Last week we had the presidential election between Hillary Clinton and Donald Trump. The most surprising thing about the outcome is that the major poll-based forecast models were wrong. They all gave Clinton a greater than 71% chance of winning. To be fair, none of these models gave Trump a 0% chance of becoming president. And this is key, because it meant that Trump ALWAYS had a chance of succeeding; the same way anyone can beat a casino game even when the odds are unfavorable. Similar election surprises have been noticed earlier this year with the vote for Brexit, and the vote for peace between Colombians and the FARC.

Outcomes that defy polls are not new. In the 1948 election between Thomas Dewey and Harry Truman, Gallup incorrectly predicted Dewey as the next president. The Chicago Tribune was so confident in the poll that it published the wrong outcome in its front page. Their mistake was quota sampling instead of random sampling!

So, why were the predictions wrong? And what can be done to improve this?

To comprehend this, we need to understand how these predictions work. To make a prediction we need two things: data and a model. Data is like the ingredients used to bake a cake, and the model is the recipe. The cake can turn up great or poor based on the recipe used. Nevertheless, if the ingredients are spoiled, no recipe will be able to produce a great desert.

In predicting elections, the data used came mainly from polls, or data collected by asking individuals who they will vote for. The idea is that if we ask a small sample of the population what they think, we can extrapolate their answers to the entire population. There are many companies that are in the polling business and they each have their own unique methodology which provides different outcomes.

In the ideal case, when conducting polls, individuals are sampled at random, and they provide information about who they intend to vote for. A few issues that limit the polls accuracy include:

Flip-Flopping: the polls can capture what the individual would do today, but not what he/she will do in the future.
Undecided: we can estimate how many voters are in this category, but not what their final decision will be.
Low Turnout: it is possible to capture the opinion of likely voters, but not if they will show up to vote.
Nonresponse Bias: A very small percentage of individuals respond to polls. There can be bias if the people responding do not represent all demographics.
Technology Bias: Not all voters have access to technology (especially in rural areas). Therefore, phone or internet based polls may not reach a sector of the population. Consequently, their opinions are not properly recorded.
Voice Recorder versus Live Person: Responses to voice recorders do not match live persons. According to an interview of Susquehanna Polling & Research Inc. “Trump did better when voters were sharing their voting intention with a recorded voice rather than a live one”.
Hidden Votes: Supporting a candidate can come with a stigma, thus a lot of people may not share their true intentions. A way to avoid this is to indirectly ask who they support, such as asking them to speculate on who they think their neighbors would support. This line of questioning assumes that the intent of an individual agrees with their neighbors. Per the Trafalgar Group there were big differences between asking individuals who they would support compared to their neighbor, with the latter being more consistent with the outcome.
Small Sample Size: the errors in the polls is inversely proportional to the sample size. The more people sampled the more accurate the poll will be.

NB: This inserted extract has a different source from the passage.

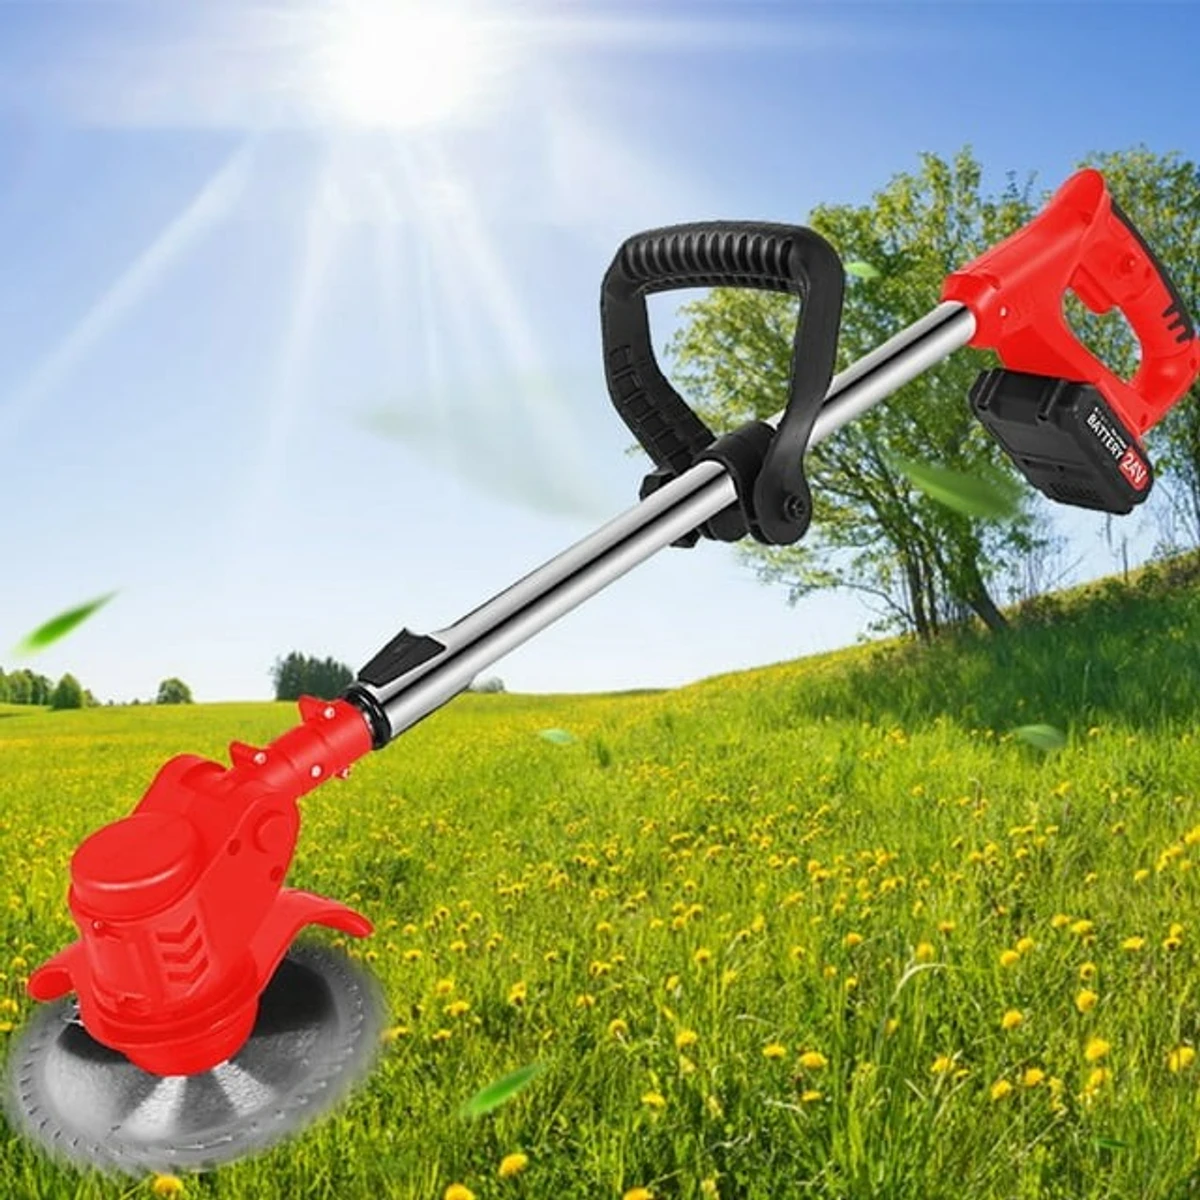 21V Cordless Grass String Trimmer 21000RPM Electric Lawn Mower Weed Adjustable Foldable Cutter Garden with 2 Battery

A solution that has been popularized recently is to create a model that aggregates all polls to create a prediction. This is sort of like averaging all the polls together. The challenge is that some polls have historically been more accurate than others, so they should be used with different levels of importance. The difference between the various models include determining:

Which polls to include.
The weight or importance of each poll.
How to mix information from national versus state polls.
How to mix polls that appear with different frequencies (some polls appear weekly while others monthly).

Specifically, the US election is a complicated system in which the winner is not who gets the most votes (known as the popular vote), but who gets the most Electoral Votes (EV). There are 538 EV that are distributed unevenly across each state. Whoever gets at least 270 EV wins.

The way the models are created is more of an art than a science. But these models get to be validated by testing them against previous elections. This way we can understand their accuracies. A main issue that arises when doing this type of validation is that elections happen at different points in time. The conditions of an election carried this year are very different from previous years. So, it is a bit of an apples and oranges comparison.

As George Box said “all models are wrong but some are useful”. The idea that all models had errors in the same direction (e.g. predicting a Clinton win), makes us wonder if the models were poorly designed. There is always room for improvement. For example, the Princeton Election Consortium acknowledged that they “did not correctly estimate the size of the correlated error – by a factor of five”. This is a clear modification that they can account for next time. Although this would have given Clinton a lower chance of winning, she would have still been the more likely candidate to become president. Yet, there is not much that can be done if the underlying poll data is flawed. Garbage in, garbage out!

In conclusion, creating procedures that predict elections is not an easy feat. It is important that the models and poll methodologies improve thru time. These forecasts will be useful for identifying which policies are being supported or understood by the same individuals that will be affected by it. The hope is that these systems will allow politicians and their constituents to better understand each other.